Remote troubleshooting capabilities are fantastic - you can packet capture directly to flash, and download them for analysis in Wireshark, for instance, and you can also use realtime analysis tools like torch to identify bandwidth hogs on the fly, or IPs that are performing port scans, or P2P, etc.

All in all, a Mikrotik can be configured to do many things that an ASA can do as a firewall / VPN concentrator, but as a router, Mikrotik smokes ASA. In the end, they’re two power tools in your shop, each with their own strengths and weaknesses.

so i have both a mikrotik rb2011uias-2hnd-in and an asa5510 which should i use as my main router? i love both equally and can’t decide

The security level design of the asa is really bad. It’s much too simplistic to do anything useful with and then just stands in the way.

I think the security level doesn’t even do anything once you start putting actual input/output rules onto interfaces. I was experimenting with an older version of ASA (8.1 I think) and as soon as I put any rule on one interface, the whole “allow secure->insecure / block insecure->secure” model just stopped working.

I’m much less experienced with ASA than I am with Mikrotik, but I think ASA has some IDS functionality that can be leveraged. You can “roll your own” IDS behaviors into Mikrotik, but in general, when it comes to security, it’s better to use tools developed by people more expert than yourself if possible. (I’d probably choose snort for IDS, for instance)

My company uses ASA, but we still have dedicated IDS/IPS appliances as well.

ASA has better redundancy features than Mikrotik IMOHO - If Mikrotik could produce a stateful chassis failover mechanism, that would be fantastic, but ASA has this and also has redundant interface configurations that don’t need spanning tree, pagp, or dynamic routing.

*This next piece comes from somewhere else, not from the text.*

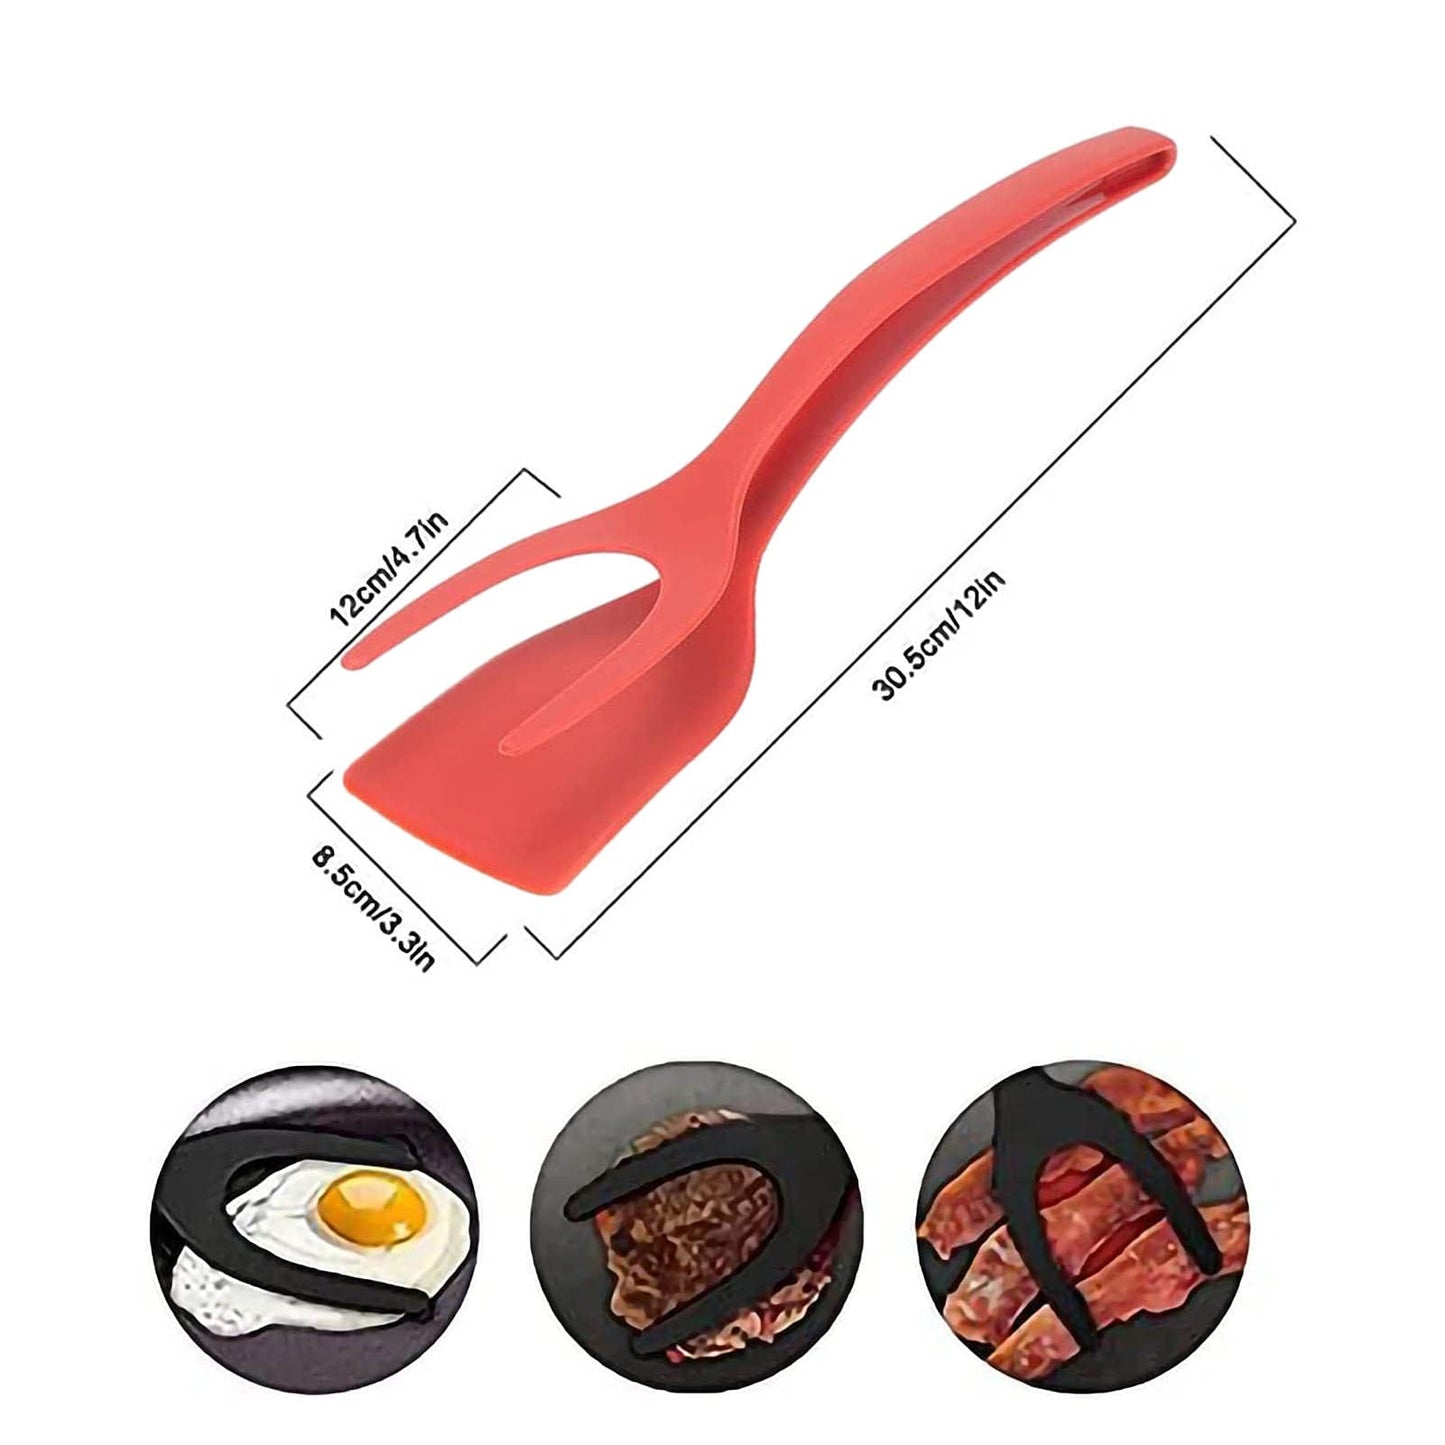 Egg Spatula, Grip and Flipp Tongs Spatula, Fried Eggs Turners, 2 in 1 Omelette Clamp, Frying Turning Grilling Kitchen Cooking Tool for Omelette, Pancake, Steak, Fish, and Egg Ziurmut

So - if you’re going to need redundancy or performance, the ASA is going to win, (CCR model Mikrotik would keep up with the 5510), but if your bandwidth needs are modest (less than 100Mbps) and you want more flexibility and freedom from Cisco’s totally insane licensing, then Mikrotik is going to work well for you.

I set all interfaces to the same security level and enabled same level forwarding. Still I think the firewall interface of the asa to be rather clunky.

You can do redundancy on Mikrotik with hsrp, but it is of course stateless and doesn’t replicate configuration. A real firewall can do all that, but Mikrotik is a router at heart, not a firewall.
Mikrotik is much cheaper or faster for the same money though.